While the drafters originally intended for the law to protect Christian groups, it has, ironically, also been used to protect GSAs. In the 1999 federal case, East High Gay/Straight Alliance v. Board of Education, students attempted to form a GSA, but East High School administrators refused to let the group meet. In order to comply with EAA regulations, the Salt Lake City School District decided to implement an unprecedented ban on all non-curricular high school clubs. However, the plaintiffs argued that the district was still allowing some non-curricular clubs while explicitly banning the GSAs. U.S. District Judge Bruce Jenkins ruled in favor of the student group, arguing the district violated the EAA by not equally applying the same terms and conditions for all clubs. In a full circle moment, East High played host to September's GSA & Educators' Conference.

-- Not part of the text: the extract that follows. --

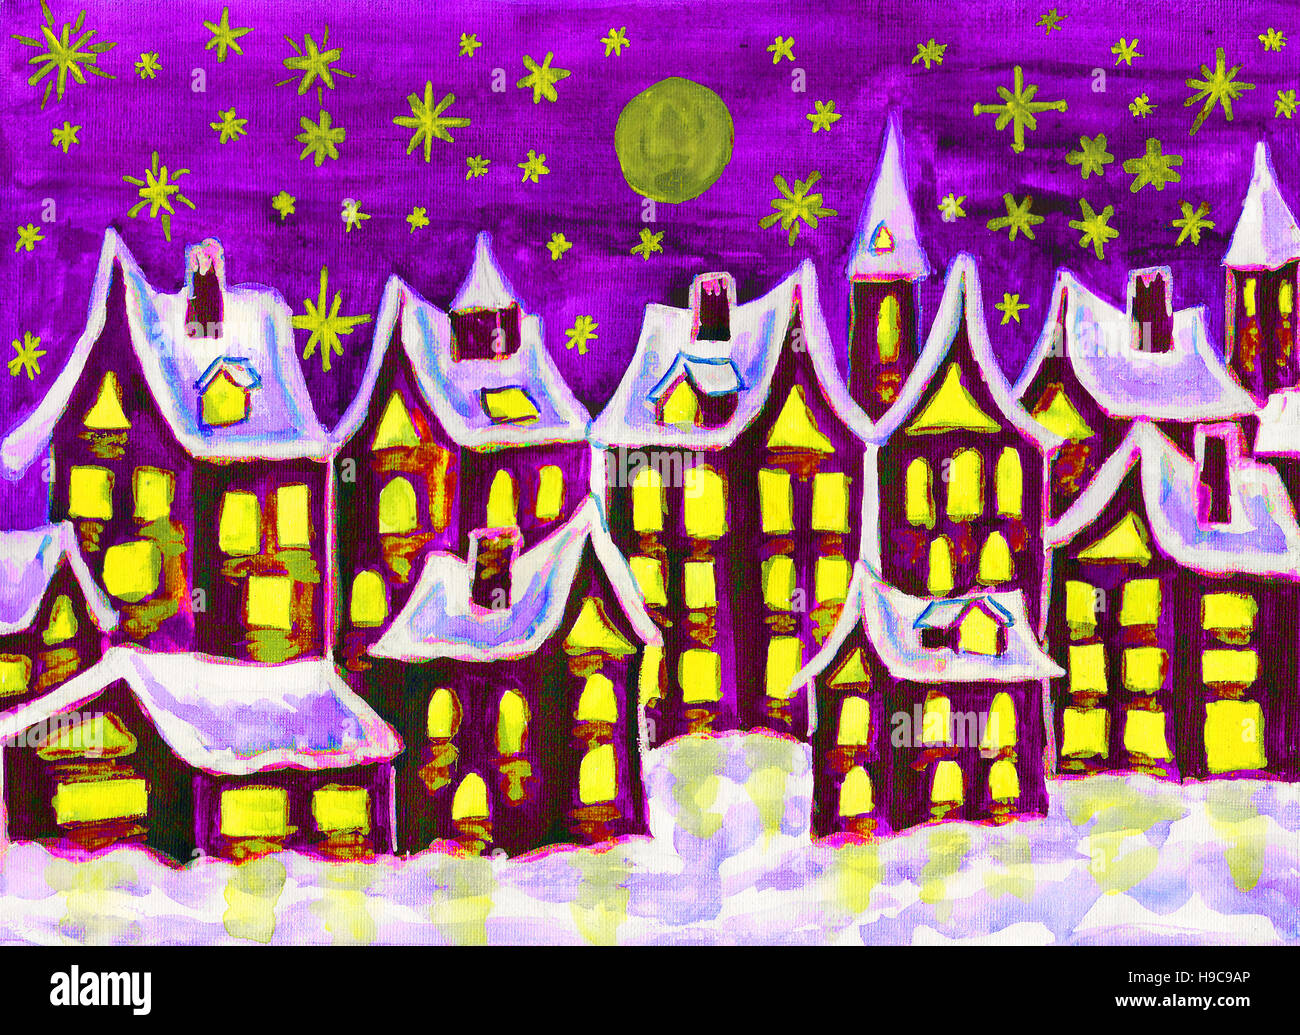 Weihnachtsbilder Suchen.Gemälde Aquarelle Märchen Träume Stadt Im Winter Als Illustration

Despite the legal win for GSAs, the practical effects of the parental consent requirements under the 2007 SCA has many legal experts questioning whether the Utah law still violates the EAA and the First Amendment right to freedom of association.

In a 2009 law review in the Berkeley Journal of Gender, Law and Justice, attorney Keola Whittaker cites legal precedent and case law to argue the SCA, along with a similar law in Georgia, violates the First Amendment based on its "restriction on the freedom to associate."

Chris Buttars, the late Republican state senator from West Jordan who was the Senate sponsor of the SCA, told Deseret News in 2005 his goal was to "ban gay student associations from meeting on public school property." Buttars died in 2018.

Drawing a parallel, Whittaker examines the 1958 Supreme Court case NAACP v. Alabama, wherein the state of Alabama, seeking to shut down action by the NAACP, forced the organization to publicly disclose its membership list. This move had the practical effect of discouraging members from continuing to associate with the organization, as many black members feared backlash. The court established a "strict scrutiny" test, wherein the state must provide a "compelling interest" in order to force organizations to disclose membership lists, which they did not.

Citing other case law about free speech questions in schools, Whittaker argues that the strict scrutiny test should also be applied to parental consent laws, which are functionally the same as the compelled membership disclosure law in NAACP v. Alabama. He concludes that Utah lawmakers provided no compelling state interest in justifying the parent consent requirement other than "overt animus towards gay-friendly student groups."

Whittaker concludes his article with a hint of optimism: "Indirect restrictions, such as those now in force in Utah and Georgia, will soon face similar legal challenges." Still, in the 10 years since Whittaker wrote those words, it seems little has been done to fulfill his prophecy.

Leah Farrell, senior staff attorney at ACLU of Utah, predicts a tide of change. She sees parental consent requirements as a sword that cuts both ways.

"Maybe a kid wants to join the Young Republicans and they have parents that really don't like that ... they could forbid that student from joining that club," Farrell says. "This law doesn't seem to match the goal of why student clubs are around—to create learning and support."